Он сам не знал, какой ждал реакции, но, кажется, все-таки не такой. Будь Билл трезвее, он бы, пожалуй, забеспокоился, но он был слишком пьян: только мотнул головой, принимая такое ее решение, повернулся обратно к стойке и покрутил перед собой пустой стакан. Где-то на грани сознания мигала, как крохотный индикатор, мысль о том, что ему надо немного повременить с выпивкой, чтобы рассказать все Сэлмон до конца, если она, конечно, захочет слушать. Он знал свои пределы. Скоро должен включиться автопилот, на котором он отправится домой. Прежде чем это случится… Билл прикрыл глаза, собирая расползавшиеся, как червяки, мысли, но собрать их не успел – и, к счастью, не успел забыть о том, что Сэлмон вообще была здесь, как она уже появилась сама. Билл еще раз крутанул на столе пустой стакан, не спеша требовать у бармена наполнить его снова. Еще немного, Билли. Ты сдюжишь. Ты и не такое выносил.

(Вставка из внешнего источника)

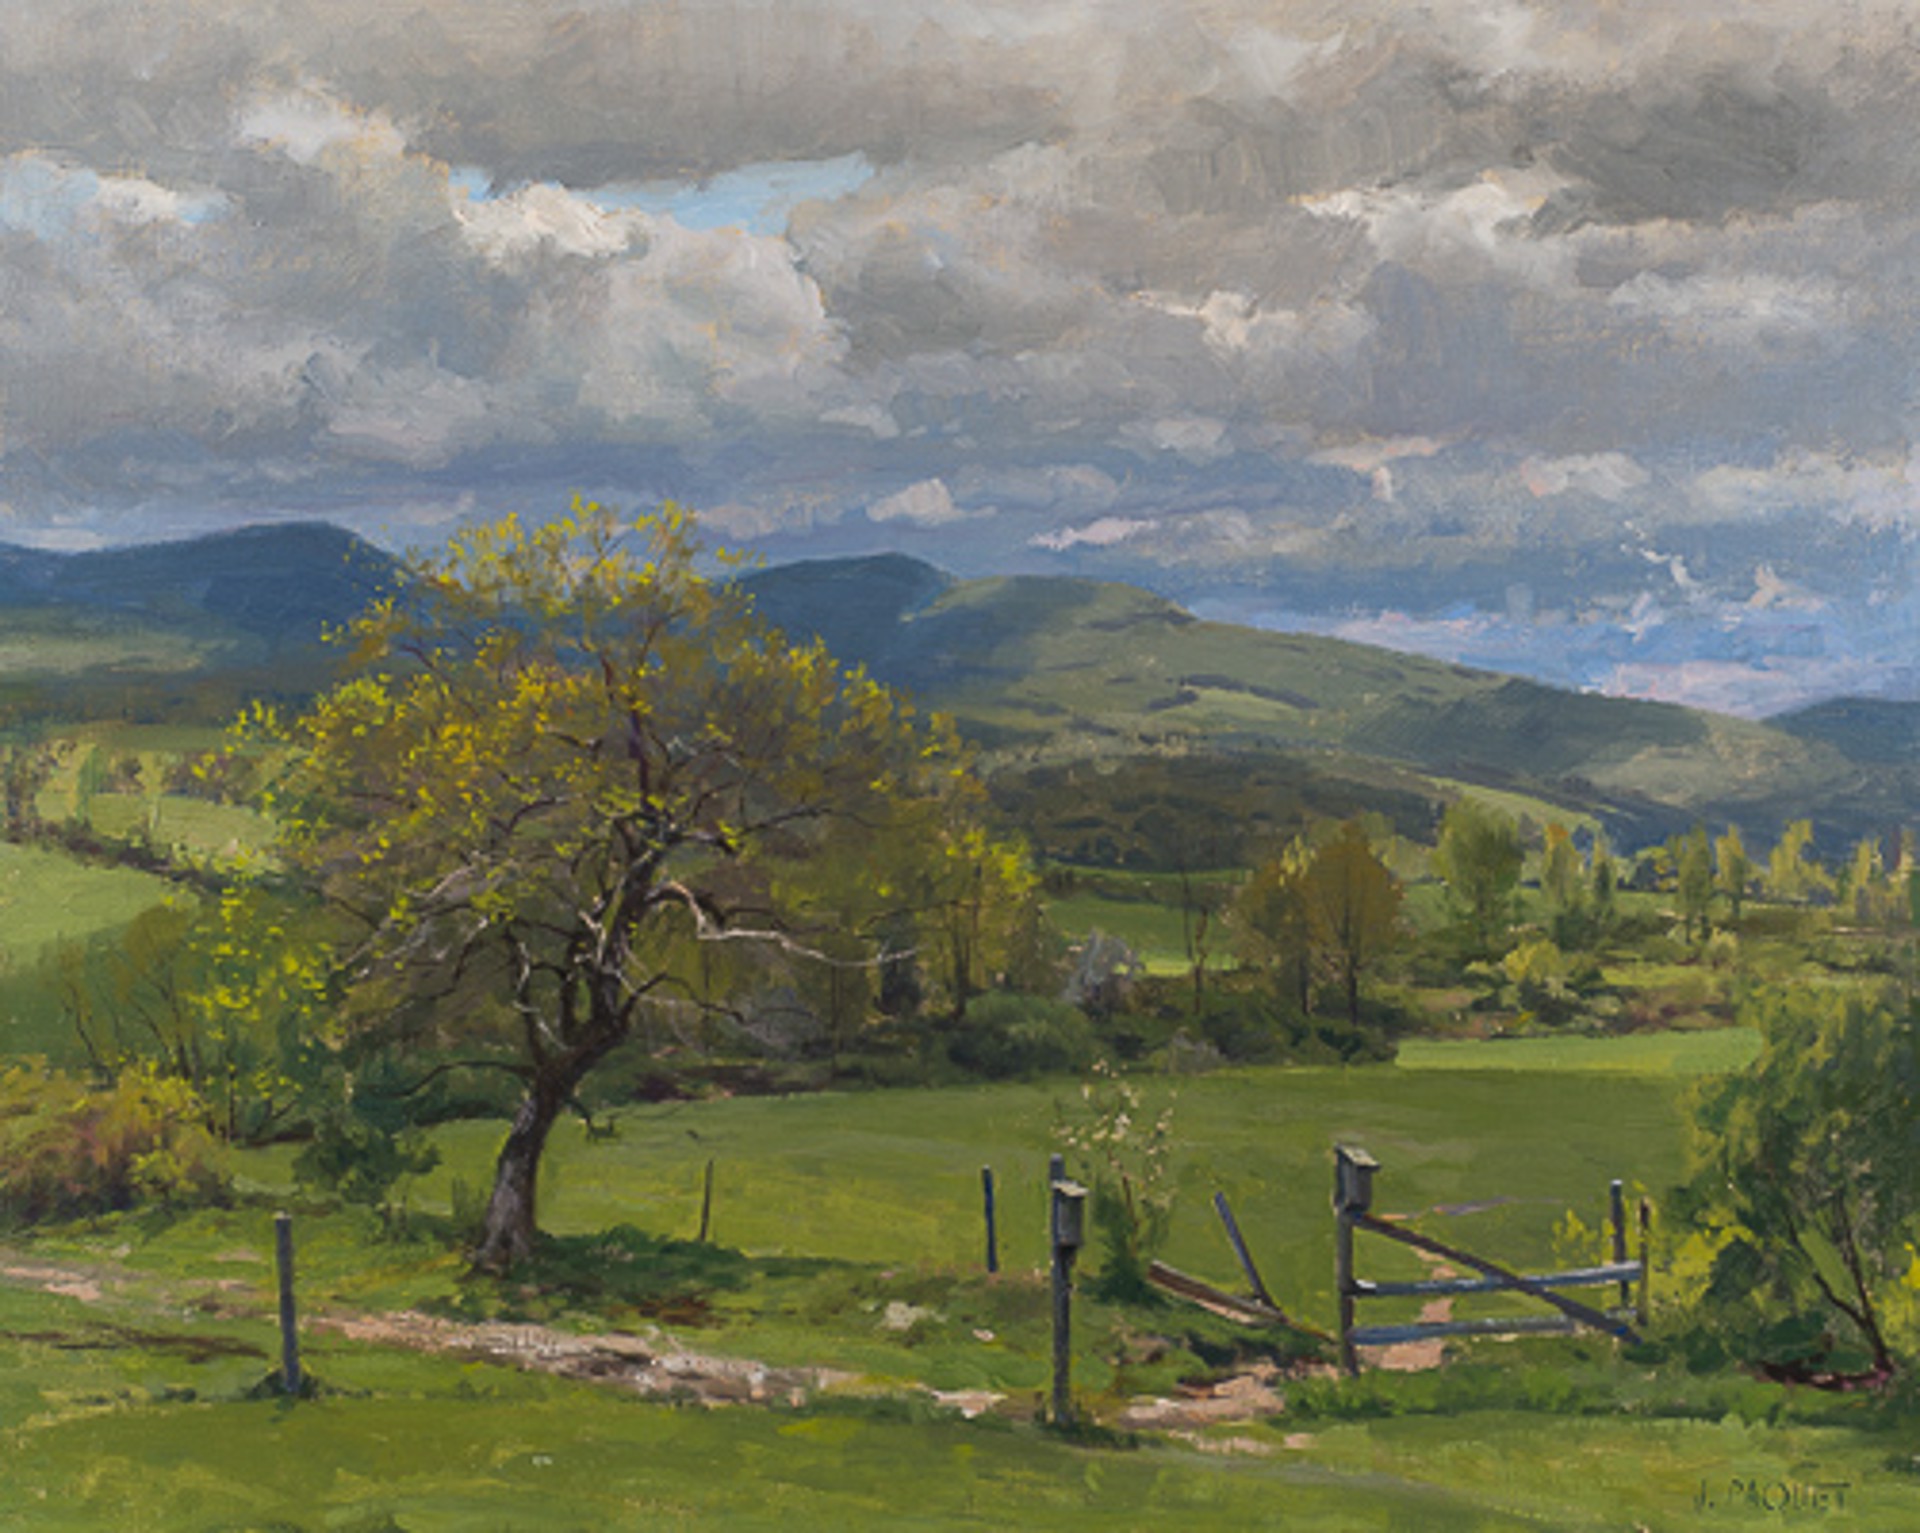 Mohawk Valley Spring by Joseph Paquet

– Как чушь, значит? – он криво усмехается и почесывает бороду пальцами правой руки. – Так или иначе, я тебе сказал. Ты услышала. Я не уверен, что имею… моральное право продолжать держать это в тайне. А что чушь… да-а-а, было бы неплохо, дорогуша, если бы это оказалось чушью, я был бы не против. Я бы не так нервничал, – он хрипло рассмеялся, – от того, что мне прикрывает спину одна из Сэлмонов, да… – смех стих. – Не то чтобы ты давала мне повод не доверять тебе, да… И не то чтобы именно эта смерть всерьез отягощала мою совесть, но, понимаешь, врать напарнику, даже если это наглая, непочтительная всезнайка, которая уверена, что она все знает лучше старика Гарретта… – он растянул губы в улыбке, грозя пальцем стакану, потому что черт побери, он хвалил сейчас эту пигалицу, чтобы она о себе ни думала, и развел руками, едва не смахнув стакан на пол, – Ну не смог. Мы же вроде как должны доверять друг другу… – он помолчал, складывая одно к другому. Махнул рукой бармену и указал на стакан. – Да, иронично получается.